Michel Samson

Univ Rennes, Inserm, EHESP, Irset (Institut de recherche en santé, environnement et travail) - UMR_S 1085, F-35000 Rennes, France



Biography

Michel Samson has got his PhD in 1993 at University of Paris XI (France). He studied as postdoctoral scientist at Université Libre de Bruxelles (Brussels, Belgium) supported by prestigious fellowships (EMBO, European Community, etc..). He passed two years as visiting scientist at Genentech (California, USA). He is now team leader and director of research of Inserm at University of Rennes (France) in UMR 1085 Inserm, vice-director of Institut de Recherche en Santé, Environnement et Travail. He studies the inflammation, cell death and fibrosis in liver pathologies.  He has published more than 90 papers in reputed journals (Nature, Cell, J Exp Med, Hepatology, J Hepatol., etc...), with already more than 8850 citations and H-index 38.

Abstract

Hepatocyte death is a starting point of liver disease progression by promoting inflammatory and regenerative processes. The death of hepatocytes can be induced by the large variety of immune, infectious and toxic agents. The molecular mechanisms regulating these cell death pathways are poorly documented.
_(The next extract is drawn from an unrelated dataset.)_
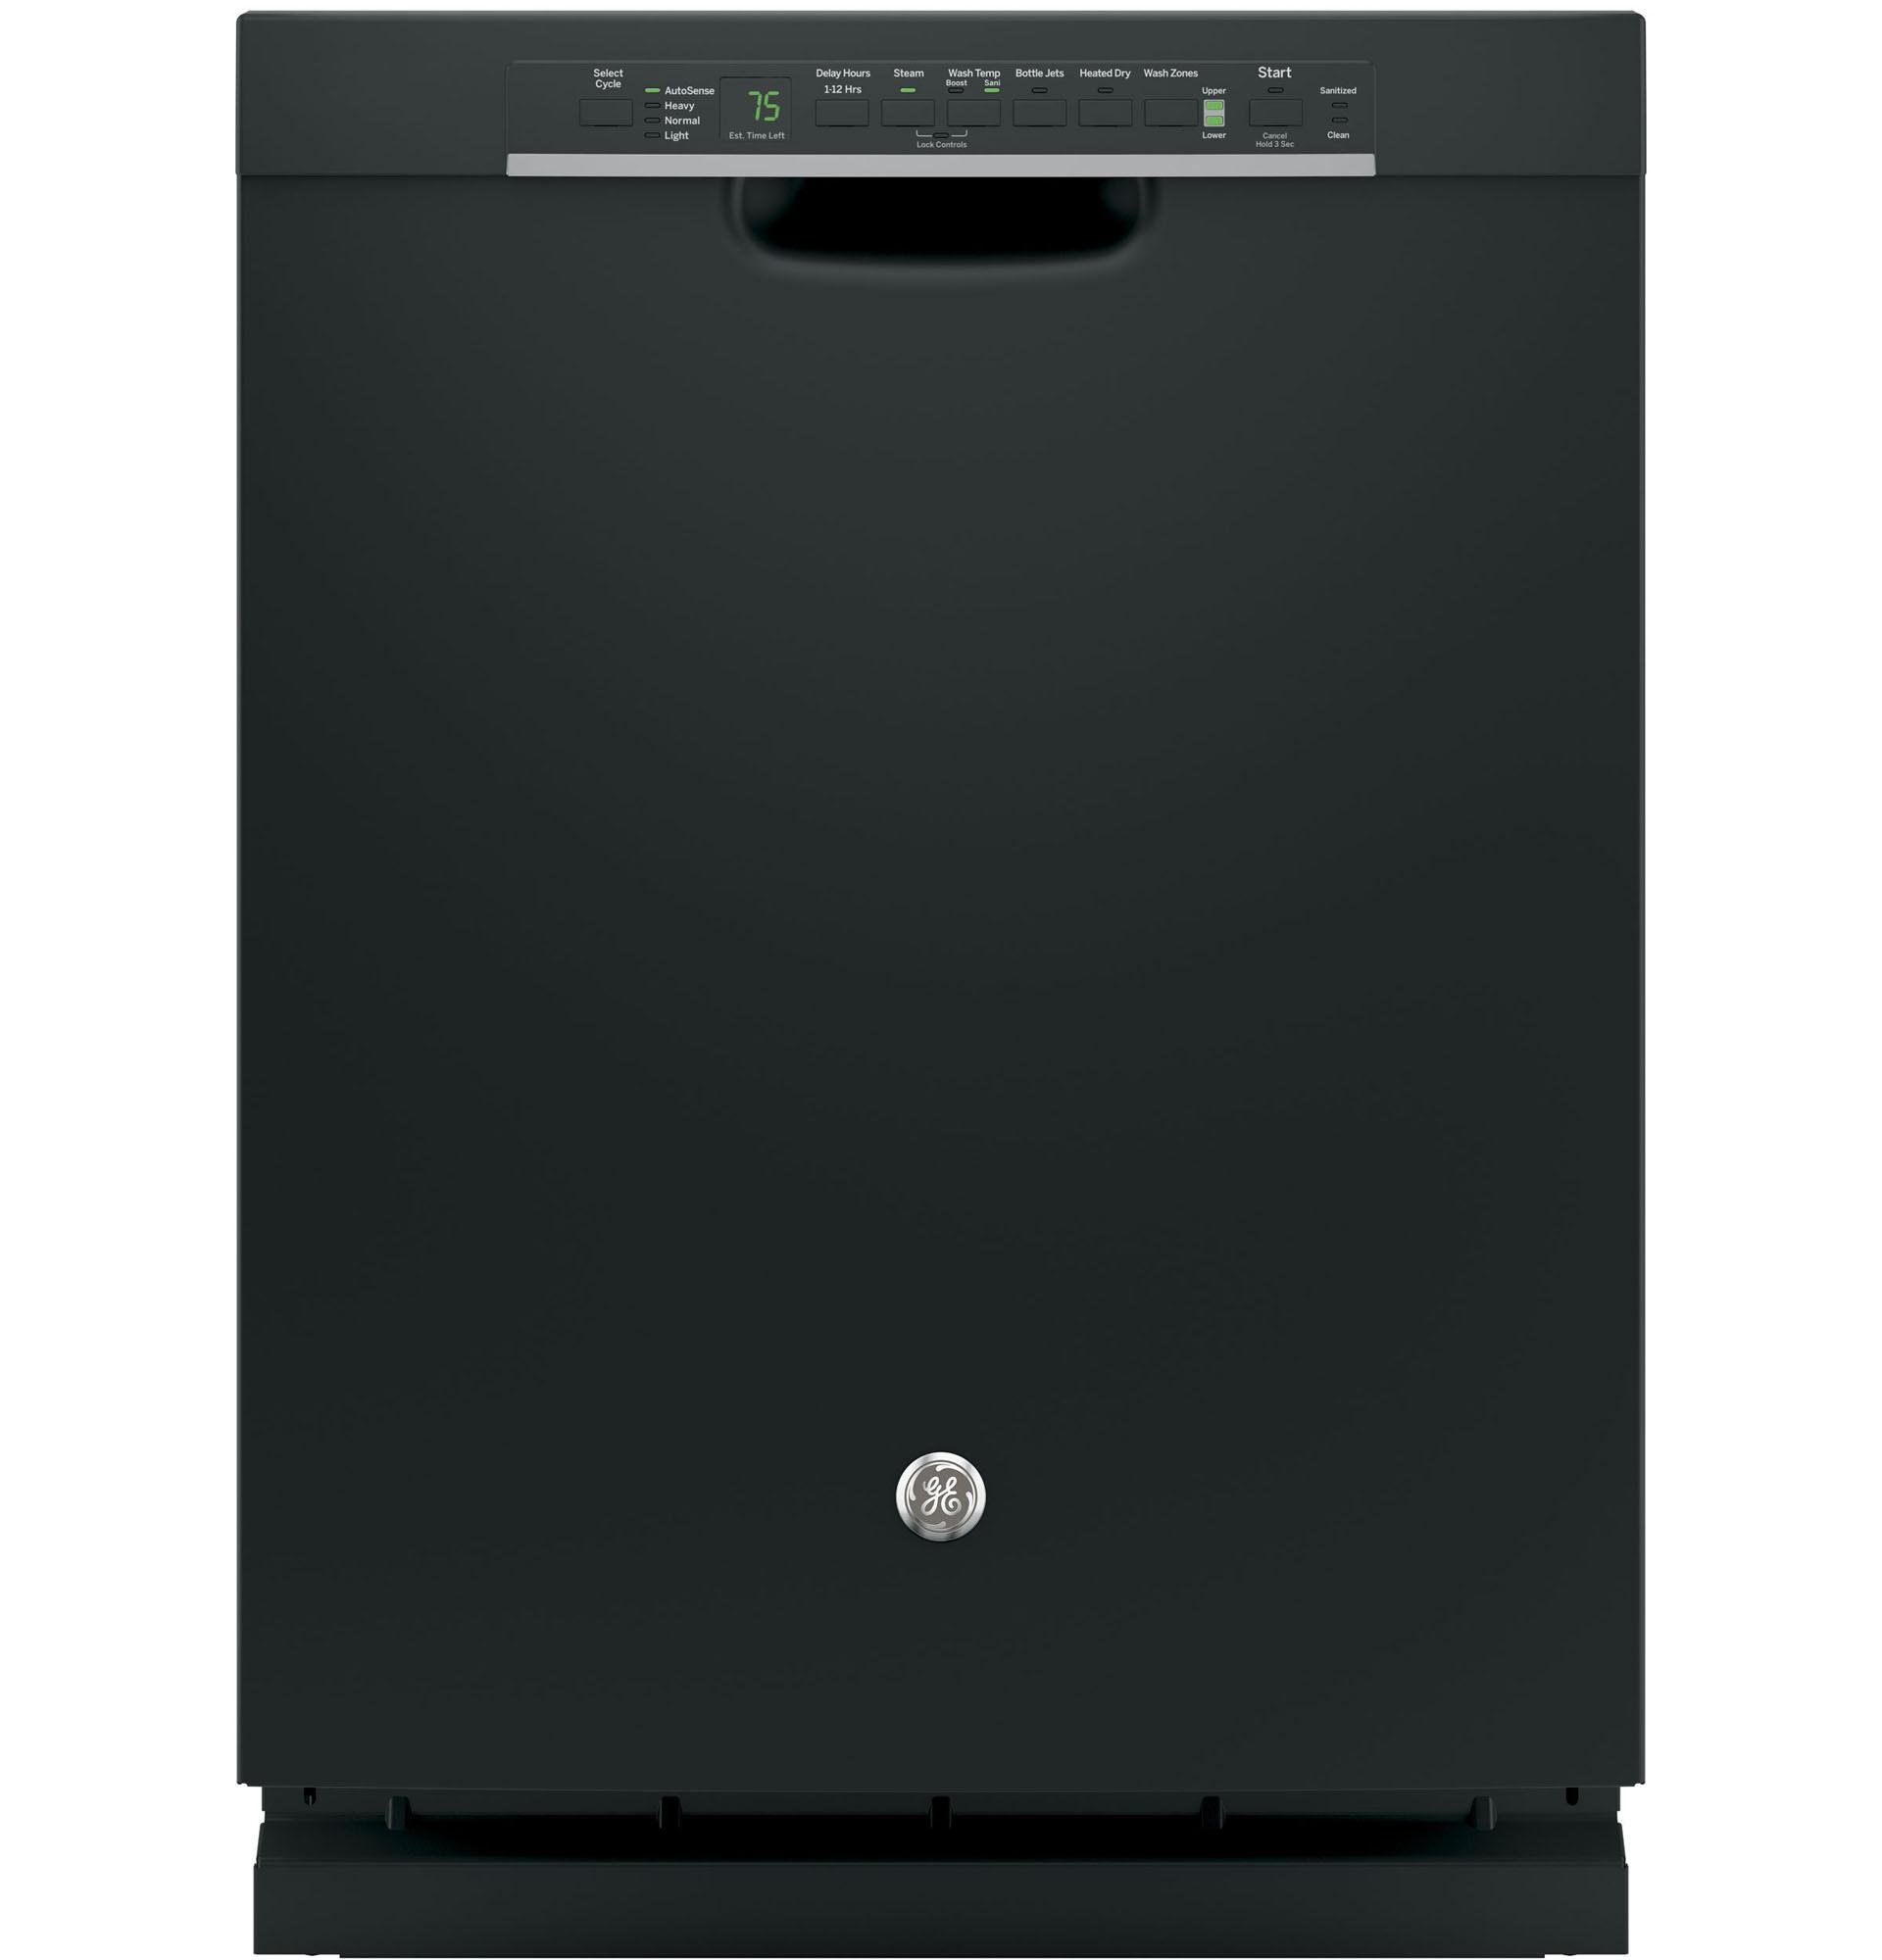 Shop Ge 24 In Black Dishwasher With Piranha Hard Food: GE Appliances GDF650SGJBB 24 In Built-In Dishwasher W
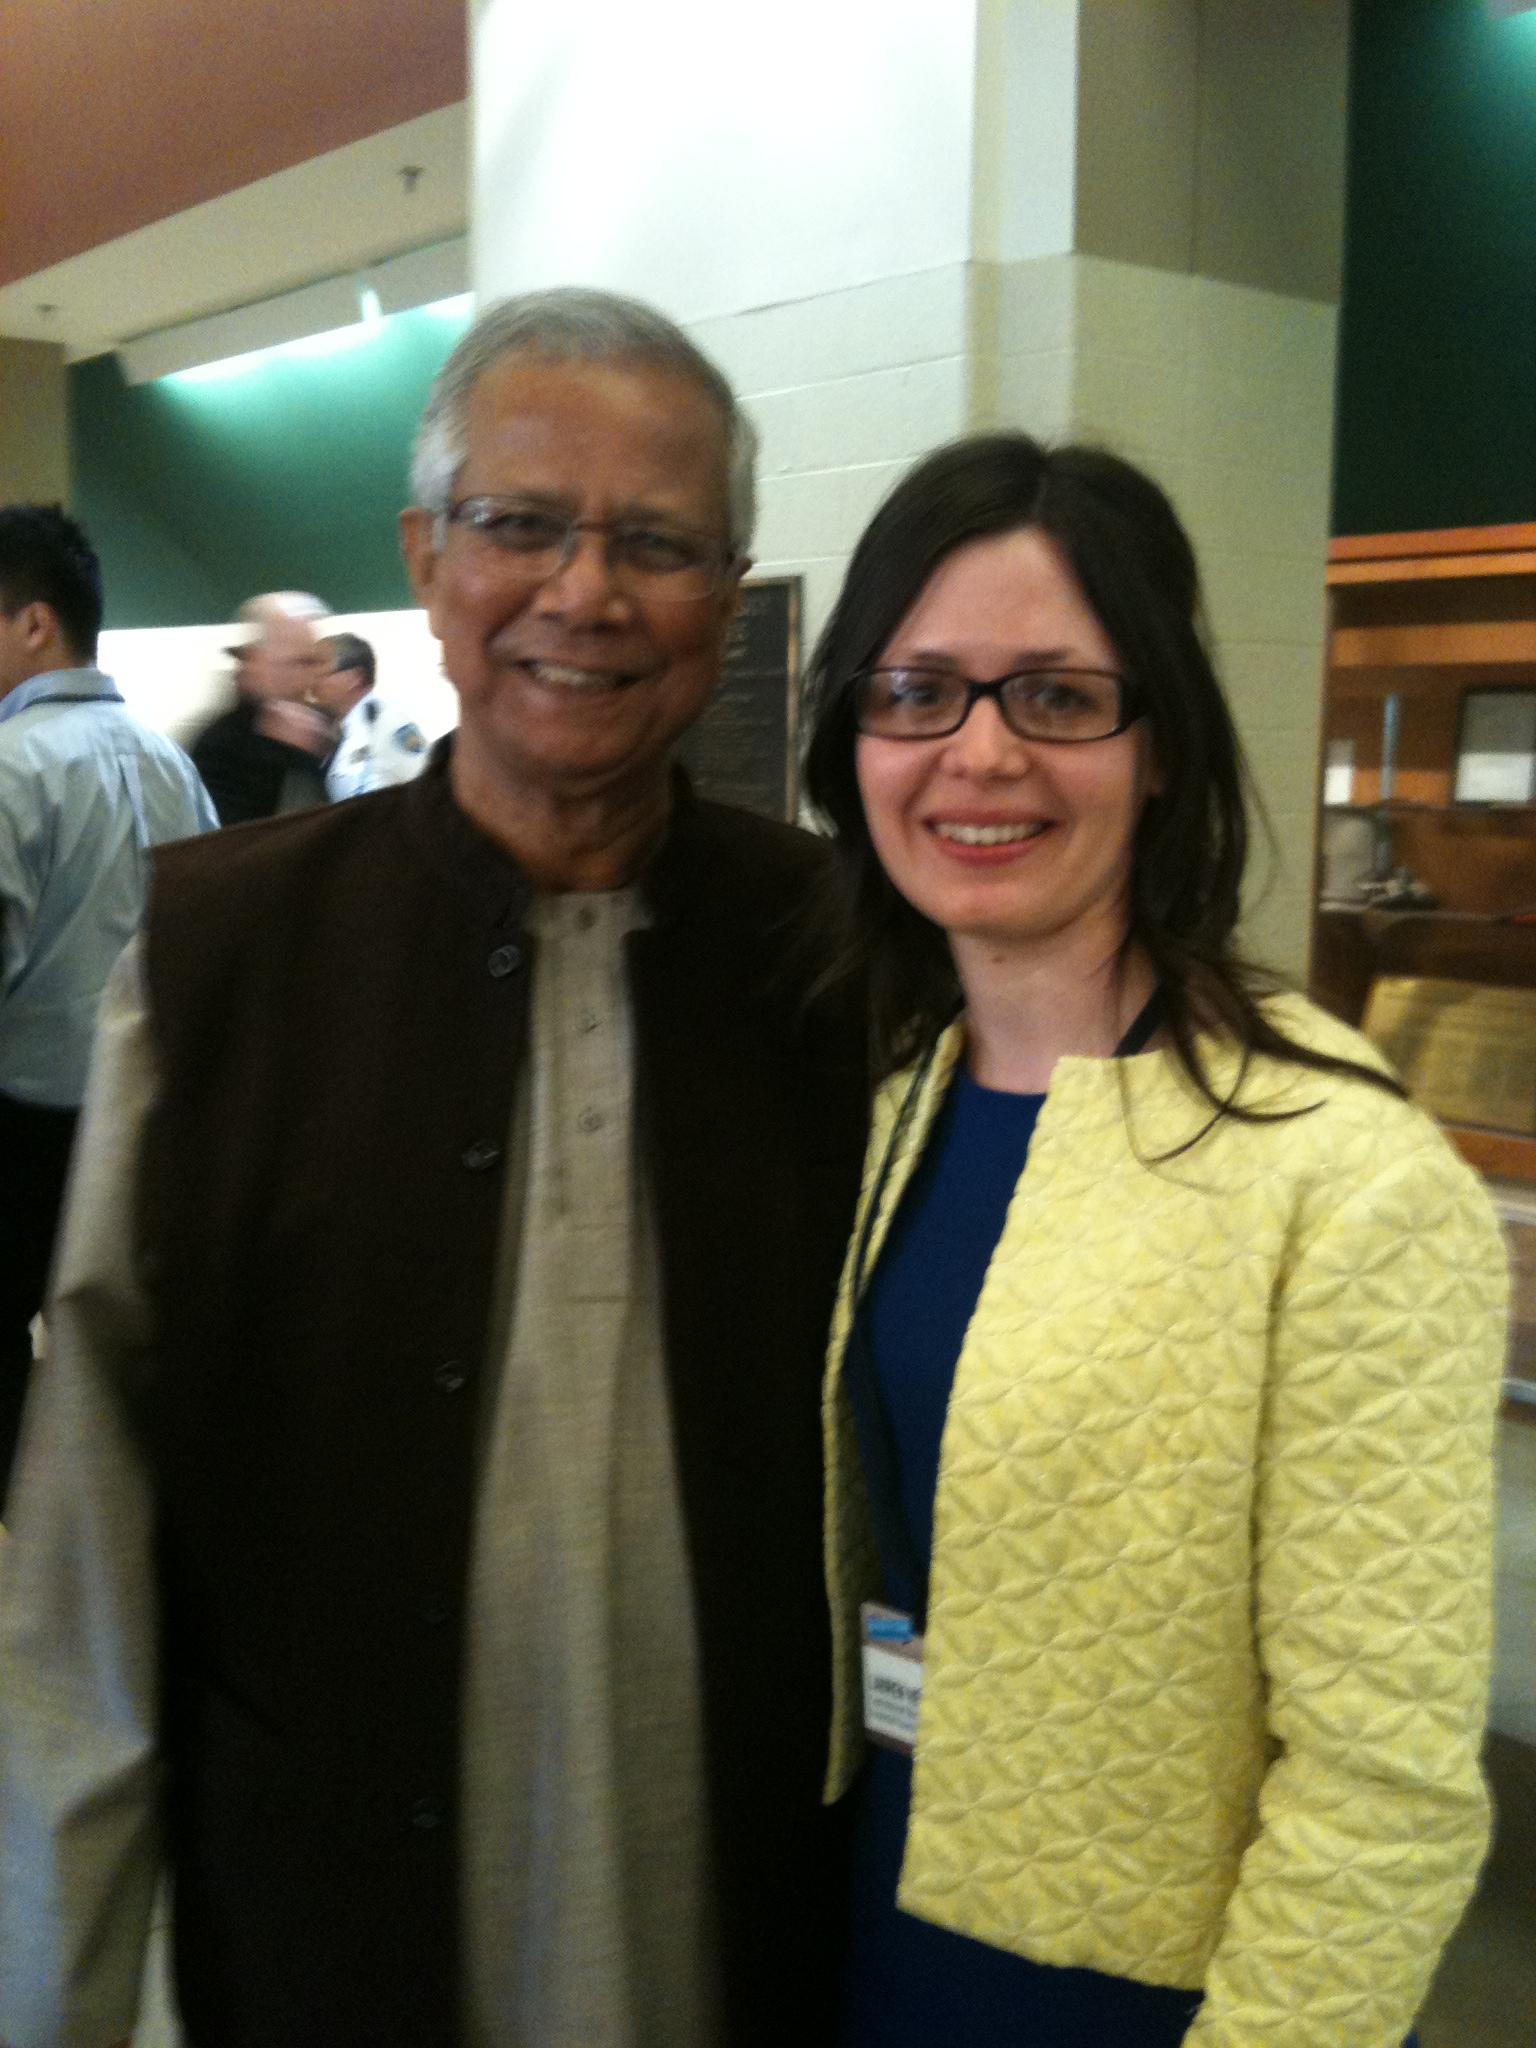 Lauren Herman and Mohammad Yunus. Yunus is the founding pioneer of microcredit.

Innate and acquired immune cells play key roles in the induction or amplification of hepatolysis, mainly mediated by expression and release of death ligands belonging to the TNF-superfamily including TNF-α, FasL and TRAIL.  In this study, we investigated the role of RIPK1, a protein known to regulate cell fate decisions, in the death of hepatocytes using different in vivo models of hepatitis. Acute hepatitis was induced in mice by Concanavalin A (ConA), lipopolysaccharide (LPS), DNA-CpG, recombinant IFN-γ and TRAIL co-administration, FASL, Poly I:C and Murine-Hepatitis virus type 3. Using specific conditional mice deficient in RIPK1 only in liver parenchymal cells (LPC) (Ripk1LPC-KO), we reveal its necessary function in the protection of hepatocyte during hepatitis. Administration of lipsome-encapsulated Cl2MBP served to investigate the role of Kupffer cells in the establishment of the disease. Moreover, Etanercept, a TNF-decoy receptor, was used to study the contribution of TNF-α during liver injury. All together, these works demonstrate that deletion of RIPK1 sensitizes hepatocytes to TNF-α-induced apoptosis. Thus RIPK1 plays a key role in the protection of hepatocytes during acute and chronic hepatitis.